■ Task prompt:
Return verbatim the run of lines that opens with the line holding "Dimensions: Ø 135 x H 160 cm." and closes with the last line of the records.
══ Data records ══
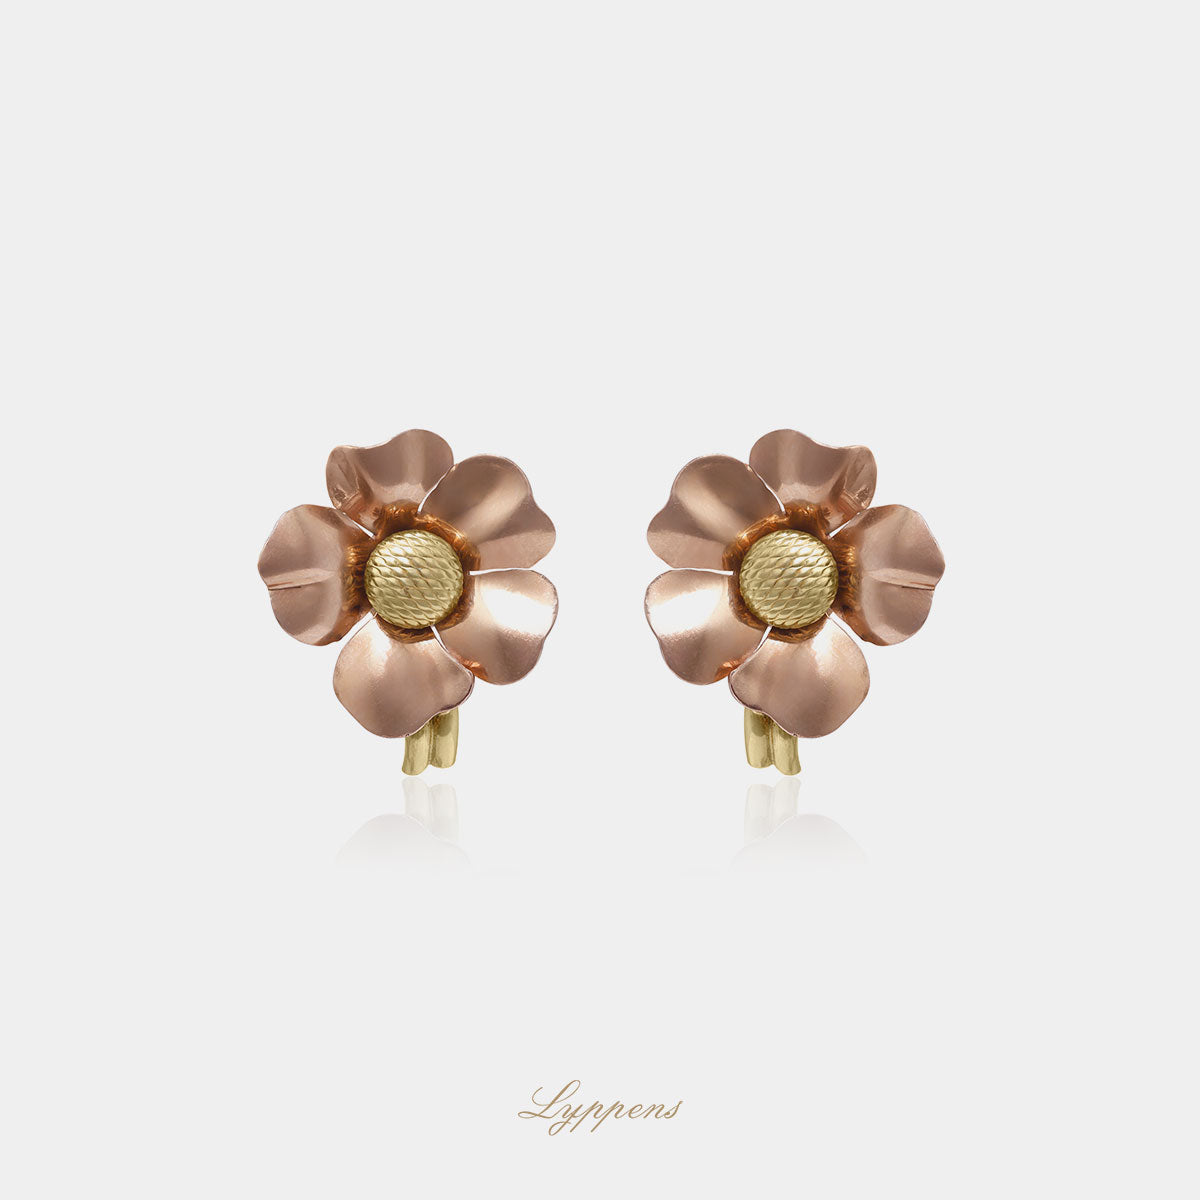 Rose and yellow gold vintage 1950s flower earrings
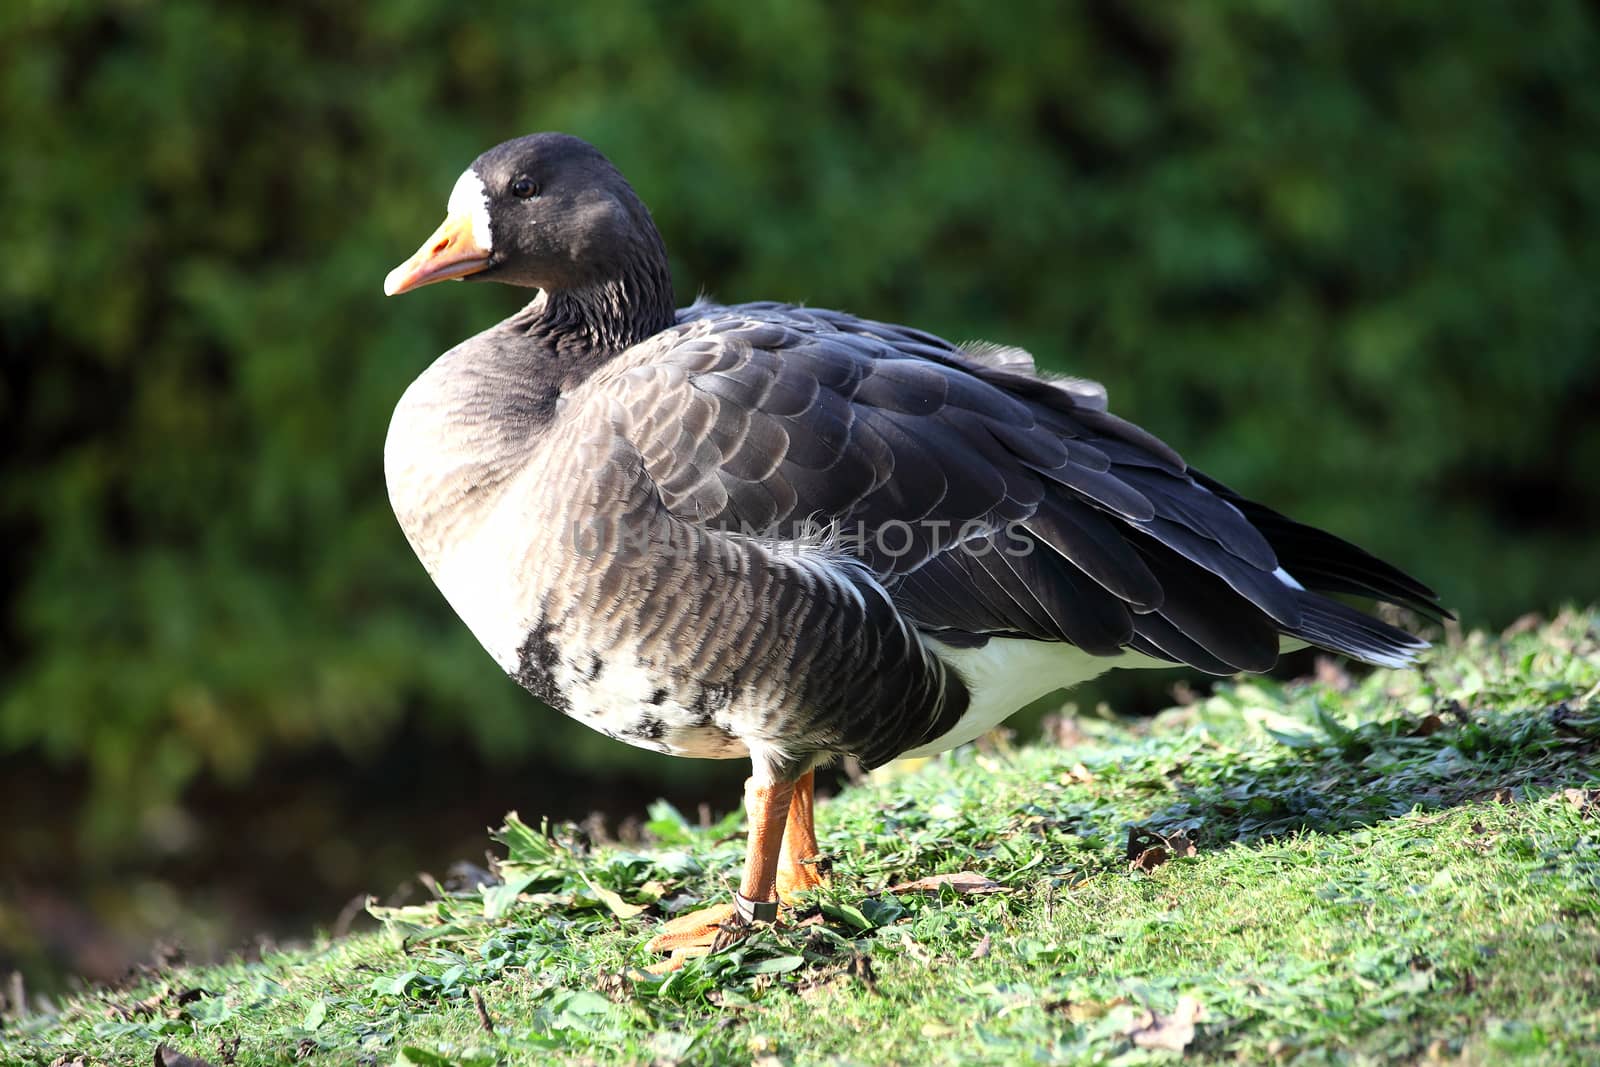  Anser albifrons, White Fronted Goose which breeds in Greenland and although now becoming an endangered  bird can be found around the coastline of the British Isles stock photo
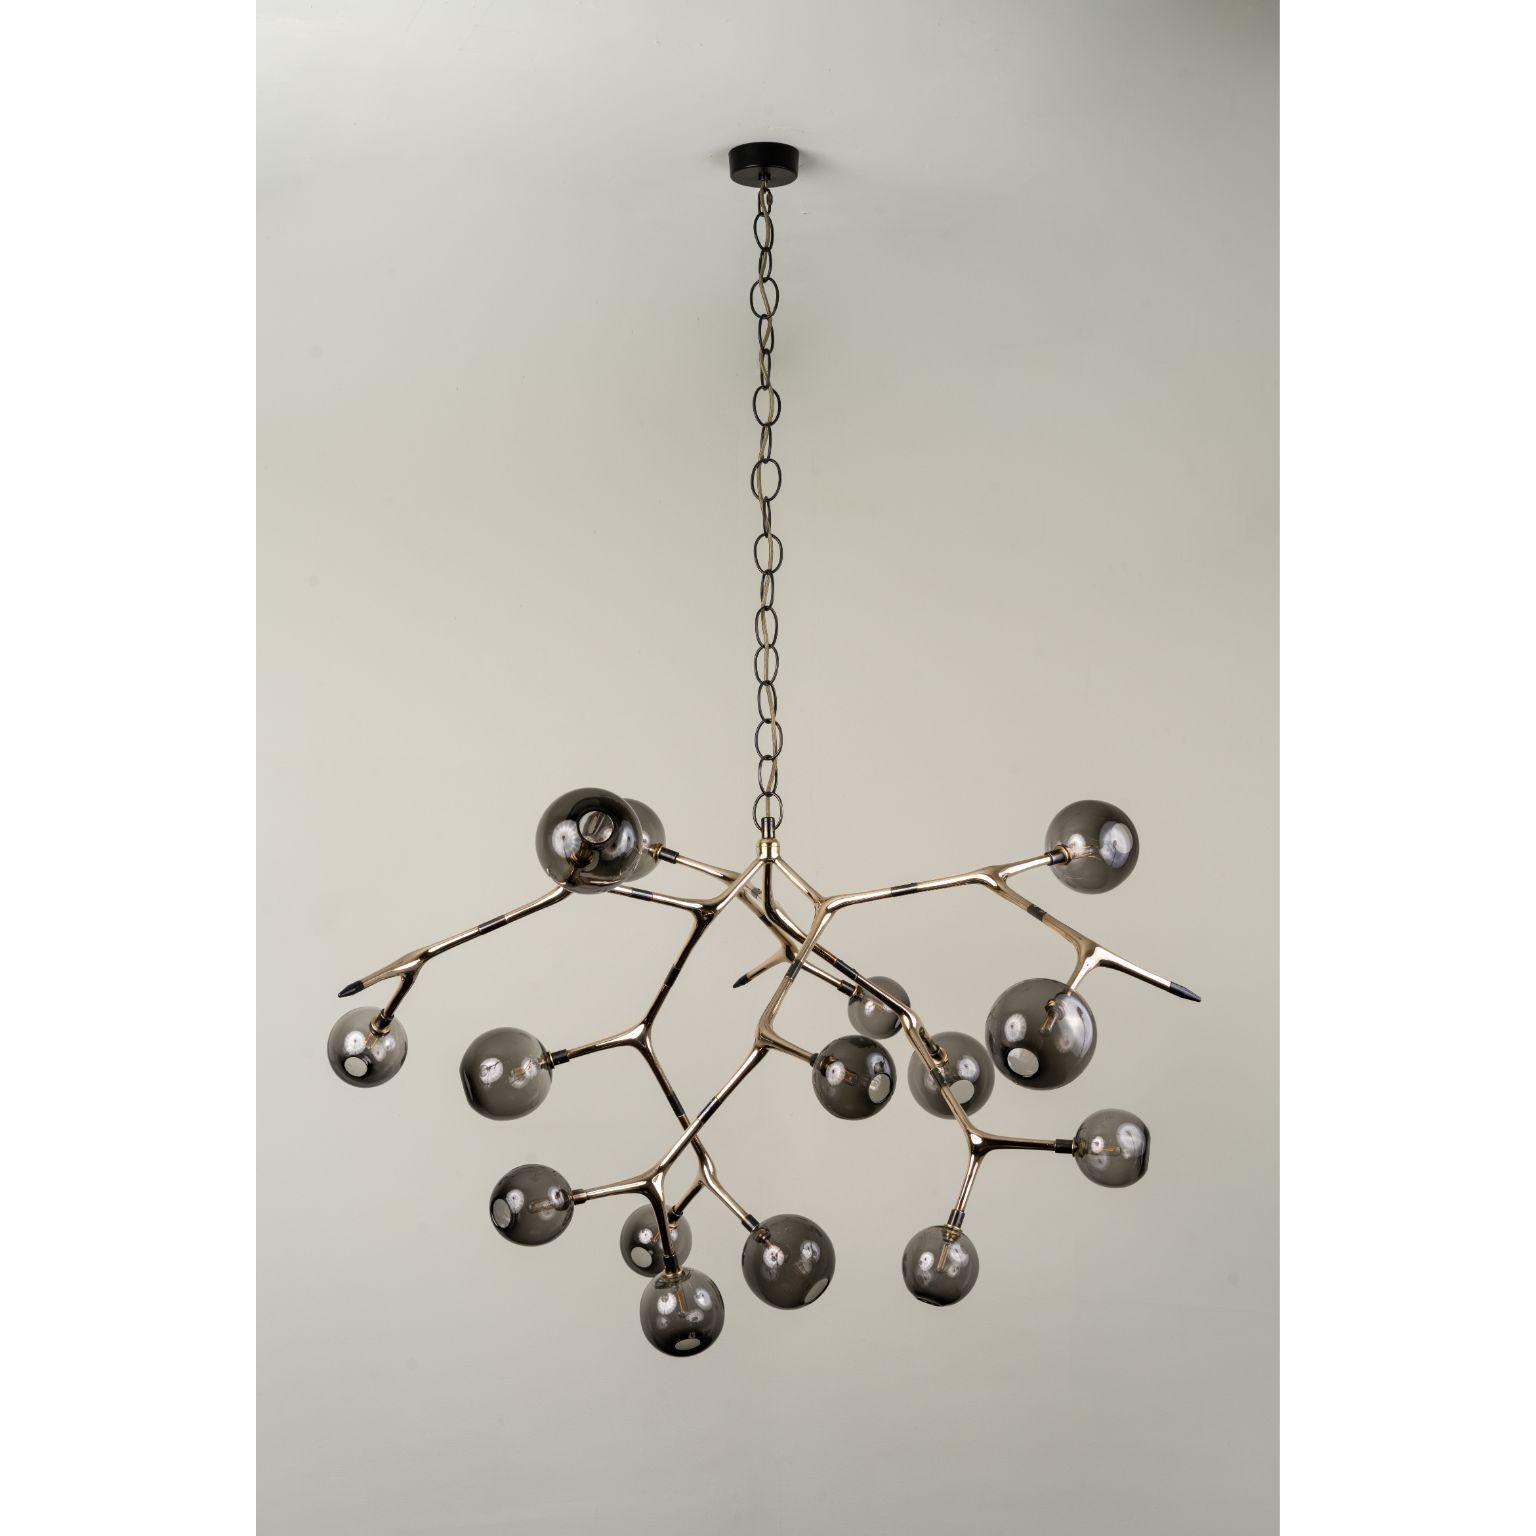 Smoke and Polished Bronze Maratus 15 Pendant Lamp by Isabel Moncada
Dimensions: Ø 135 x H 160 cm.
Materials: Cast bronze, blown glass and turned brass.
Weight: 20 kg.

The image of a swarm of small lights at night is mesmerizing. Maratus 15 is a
═══
■ Output:
Dimensions: Ø 135 x H 160 cm.
Materials: Cast bronze, blown glass and turned brass.
Weight: 20 kg.

The image of a swarm of small lights at night is mesmerizing. Maratus 15 is a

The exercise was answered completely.